## Data for this exercise
-------------------------

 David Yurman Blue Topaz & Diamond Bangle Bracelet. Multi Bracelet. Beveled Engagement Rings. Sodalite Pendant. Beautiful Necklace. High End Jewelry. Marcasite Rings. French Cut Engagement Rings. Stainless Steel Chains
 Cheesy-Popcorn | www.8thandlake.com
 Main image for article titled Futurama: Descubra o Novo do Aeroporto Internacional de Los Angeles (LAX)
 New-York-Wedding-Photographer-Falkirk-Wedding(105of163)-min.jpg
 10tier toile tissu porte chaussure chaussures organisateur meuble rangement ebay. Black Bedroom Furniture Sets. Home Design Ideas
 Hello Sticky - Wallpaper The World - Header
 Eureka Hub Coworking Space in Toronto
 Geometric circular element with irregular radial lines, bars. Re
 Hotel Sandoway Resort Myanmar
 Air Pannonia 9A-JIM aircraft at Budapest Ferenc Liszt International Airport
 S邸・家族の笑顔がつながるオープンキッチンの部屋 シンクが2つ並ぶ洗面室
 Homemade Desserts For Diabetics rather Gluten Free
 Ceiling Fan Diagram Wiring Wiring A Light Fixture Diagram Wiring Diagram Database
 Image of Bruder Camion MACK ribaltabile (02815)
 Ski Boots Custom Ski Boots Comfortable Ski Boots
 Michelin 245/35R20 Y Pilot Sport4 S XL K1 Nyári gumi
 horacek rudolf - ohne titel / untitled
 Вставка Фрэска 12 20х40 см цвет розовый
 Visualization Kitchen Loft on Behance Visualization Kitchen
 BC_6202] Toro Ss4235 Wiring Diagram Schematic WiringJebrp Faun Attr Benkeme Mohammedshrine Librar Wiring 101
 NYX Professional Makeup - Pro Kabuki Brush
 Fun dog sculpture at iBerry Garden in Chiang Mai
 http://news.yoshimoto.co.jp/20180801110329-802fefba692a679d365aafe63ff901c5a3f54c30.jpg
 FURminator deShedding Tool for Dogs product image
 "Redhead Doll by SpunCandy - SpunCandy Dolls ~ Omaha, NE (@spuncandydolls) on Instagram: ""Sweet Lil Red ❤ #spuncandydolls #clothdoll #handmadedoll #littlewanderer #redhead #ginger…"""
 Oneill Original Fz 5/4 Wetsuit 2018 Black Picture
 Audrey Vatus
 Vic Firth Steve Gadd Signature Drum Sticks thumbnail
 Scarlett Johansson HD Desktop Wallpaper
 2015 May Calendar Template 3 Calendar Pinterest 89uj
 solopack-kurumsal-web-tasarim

-------------------------

## Your instructions
Print every record exactly as it was given.

## Written reply
 David Yurman Blue Topaz & Diamond Bangle Bracelet. Multi Bracelet. Beveled Engagement Rings. Sodalite Pendant. Beautiful Necklace. High End Jewelry. Marcasite Rings. French Cut Engagement Rings. Stainless Steel Chains
 Cheesy-Popcorn | www.8thandlake.com
 Main image for article titled Futurama: Descubra o Novo do Aeroporto Internacional de Los Angeles (LAX)
 New-York-Wedding-Photographer-Falkirk-Wedding(105of163)-min.jpg
 10tier toile tissu porte chaussure chaussures organisateur meuble rangement ebay. Black Bedroom Furniture Sets. Home Design Ideas
 Hello Sticky - Wallpaper The World - Header
 Eureka Hub Coworking Space in Toronto
 Geometric circular element with irregular radial lines, bars. Re
 Hotel Sandoway Resort Myanmar
 Air Pannonia 9A-JIM aircraft at Budapest Ferenc Liszt International Airport
 S邸・家族の笑顔がつながるオープンキッチンの部屋 シンクが2つ並ぶ洗面室
 Homemade Desserts For Diabetics rather Gluten Free
 Ceiling Fan Diagram Wiring Wiring A Light Fixture Diagram Wiring Diagram Database
 Image of Bruder Camion MACK ribaltabile (02815)
 Ski Boots Custom Ski Boots Comfortable Ski Boots
 Michelin 245/35R20 Y Pilot Sport4 S XL K1 Nyári gumi
 horacek rudolf - ohne titel / untitled
 Вставка Фрэска 12 20х40 см цвет розовый
 Visualization Kitchen Loft on Behance Visualization Kitchen
 BC_6202] Toro Ss4235 Wiring Diagram Schematic WiringJebrp Faun Attr Benkeme Mohammedshrine Librar Wiring 101
 NYX Professional Makeup - Pro Kabuki Brush
 Fun dog sculpture at iBerry Garden in Chiang Mai
 http://news.yoshimoto.co.jp/20180801110329-802fefba692a679d365aafe63ff901c5a3f54c30.jpg
 FURminator deShedding Tool for Dogs product image
 "Redhead Doll by SpunCandy - SpunCandy Dolls ~ Omaha, NE (@spuncandydolls) on Instagram: ""Sweet Lil Red ❤ #spuncandydolls #clothdoll #handmadedoll #littlewanderer #redhead #ginger…"""
 Oneill Original Fz 5/4 Wetsuit 2018 Black Picture
 Audrey Vatus
 Vic Firth Steve Gadd Signature Drum Sticks thumbnail
 Scarlett Johansson HD Desktop Wallpaper
 2015 May Calendar Template 3 Calendar Pinterest 89uj
 solopack-kurumsal-web-tasarim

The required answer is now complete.